April 3, 2022

Drop Your Weapon

Drop Your Weapon

 

Drop Your weapon (Psalm 46)

  • We have romanticized this verse. When we think “be still” we think of floating on a cloud like an angel.
  • As we try to understand this verse, we have to keep in mind the context of the previous verses.
  • Look at verse 9: This is all military language. Bow and spears and war carts are weapons of war.
    • The burning of war carts or chariots was the sign of victory.
  • So, all the language leading up to verse 10 is military. So Why would be “Be still” and know that I am God suddenly be about floating on a cloud like an angel??
  • In the Hebrew there are two words behind what is often translated, as “Be still,”
    • They are actually a military term and mean to “let it drop,” as in a weapon. Drop your weapon!
  • The image behind this word is let go of a clinched fist. If you have made a fist to fight with or if you have a hand clinched in a fist around a weapon like spear or bow.
  • So “Be still” carries a connotation of laying down your arms — to become vulnerable, undefended; to place trust in God alone. It is a gesture of openness and trust.

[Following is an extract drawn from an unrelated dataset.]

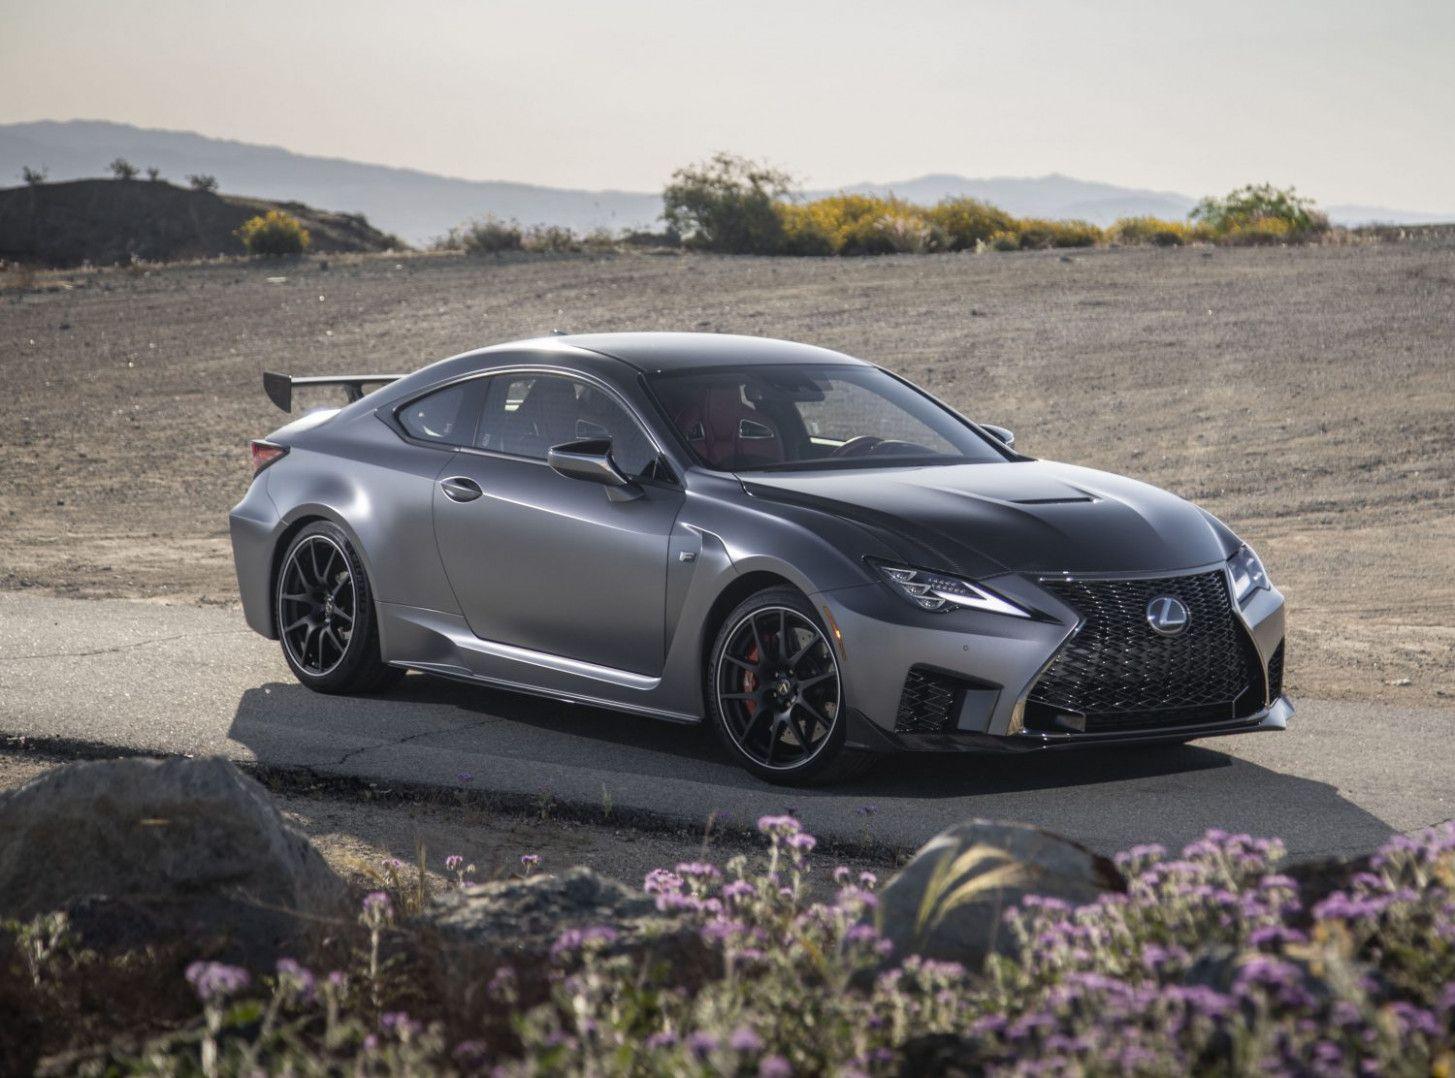 Lexus Lc F Rumors Heat Up With Hot New Renders Autoguide Com News Lexus Lc Lexus Auto News

Release or let it go!
    • The word can also carry a connotation of releasing, dropping, or sinking.
  • In the context of all of this military language, God is saying drop your weapon, I have got this.
  • For the ancient Hebrews God was telling them, let me fight the enemy nations around you. For us today he is just telling us to stop fighting each other. Friendly fire as they say.

Why are we to be still and let go??

  • So, we can hear what He is saying over the noise of our own gun fire and so we can see how He will win the battle.
  • If we are always ready to fight with our weapons ready, we can’t hear from God nor can we see what he is doing.
  • We mut also keep in mind God is taking about literal physical weapons here. Not Spiritual weapons.
    • We ahould always be ready to fight with spiritual weapons like prayer and the Word etc against the attacks of the enemy satan, not each other.
  • Now moving on in the verse after we drop or release our grip on our weapons, we are to know God.
    • The verb here is to learn to know
    • There is action implied here, we are to learn to know God.
    • So the being still isn’t a complete lack of activity.
    • We are to be about knowing God, learning God.
    • The command to “be still” is a redirecting of our activity.
  • We have to put down our weapons to be able to learn about God.
  • When we are always ready to fight, we are too dependent on ourselves to learn who God is.
  • Let’s use the previous verses of this Psalm to helps us.

Verse 11 begins with the name of God Elohim. Elohim: means God “Creator, Mighty and Strong”

  • The name Elohim perfectly embodies the characteristics of God we see in this Psalm.